La Loche is a community with roots that date back before the fur trade, but in recent years its mostly aboriginal population has faced conflict between the traditional lives of trappers and modern industries like mining.
Aboriginal peoples had traversed the area near the Saskatchewan-Alberta border for generations, according to the Encyclopedia of Saskatchewan, but it says the origins of La Loche began with the arrival of fur traders and, later, missionaries.
La Loche, which is French for burbot, a variety of freshwater cod, has struggled with unemployment since the fur trade has waned.
And now the community of about 3,000 is in the headlines for the most tragic of events – a mass shooting at a school and home that has left four dead and seven injured.
Over 90 per cent of the region's population self-identify as aboriginal, the Keewatin Yatthe Regional Health Authority said in its 2014-15 annual report.
The report also noted population in the region remained young, with 27 per cent less than 15 years of age and only seven per cent over 65.
There's one road from the south and most of the year, it's a six-hour drive to Prince Albert. A second road leads to Fort McMurray, Alta., but it crosses ice and is only available in winter.
A report from the area's health region in 2007-08 noted that the sprawling geographic region in the province's northwest had a suicide rate that was three times the Saskatchewan average.
Premier Brad Wall told a news conference on Saturday that suicide prevention programs were started for affected communities by the previous government and continued by his own.
"There's a suicide prevention initiative specifically that government has moved on since we have been witness to some very terrible numbers with respect especially youth suicides," Wall said.
"It's an ongoing effort on the part of government and the communities themselves."
Companies drilling for minerals, oil or uranium represent hope for some in the community. But others, such as the Northern Trappers Alliance, feel industrial activities have degraded the land and water and animal populations are decreasing.
In late 2014, the group blockaded a gravel road near La Loche to stop vehicles from exploration companies from passing. Tensions rose between those who supported development and those who don't.
Candyce Paul, a spokeswoman for the trappers, said they "don't want any more toxic development."
But Georgina Jolibois, who was mayor of La Loche at the time and is now the area's MP, reacted to the blockade by saying that companies tried to accommodate trappers. She noted that she, herself, grew up on the trap lines and didn't think there was much support for the group's actions.

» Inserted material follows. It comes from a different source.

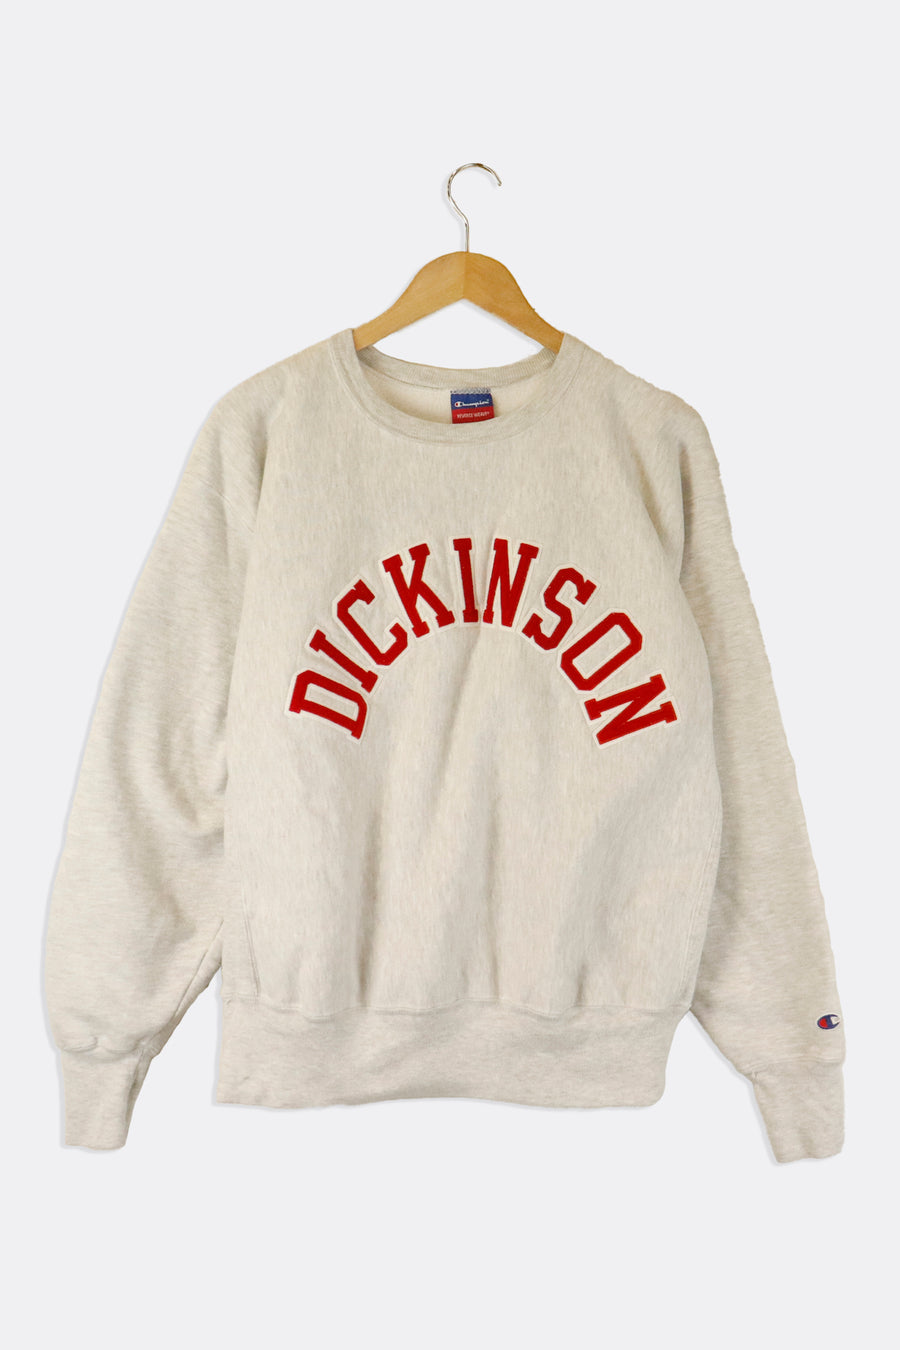 Vintage Varsity Dickinson Embroided Puffy Soft Large Red Font Outlined In White Sweatshirt Sz L

The remoteness brings challenges. But it can also bring people closer together, and the school that was the scene of two of the four shooting deaths on Friday was a centre of La Loche activity.
The school's Facebook page includes posts about the Grade 1 ski club, a student-made, Star Wars-themed bulletin board for a family reading picnic, and a graduate who's been featured on the Saskatchewan Polytechnic website.
"Our entire school and school division community are in shock and in mourning after the tragic events in La Loche," the Northern Lights School Division posted on the Facebook page following Friday's tragedy.
"Our hearts are broken for each of the victims and their families and for all the students and staff at the La Loche Community School."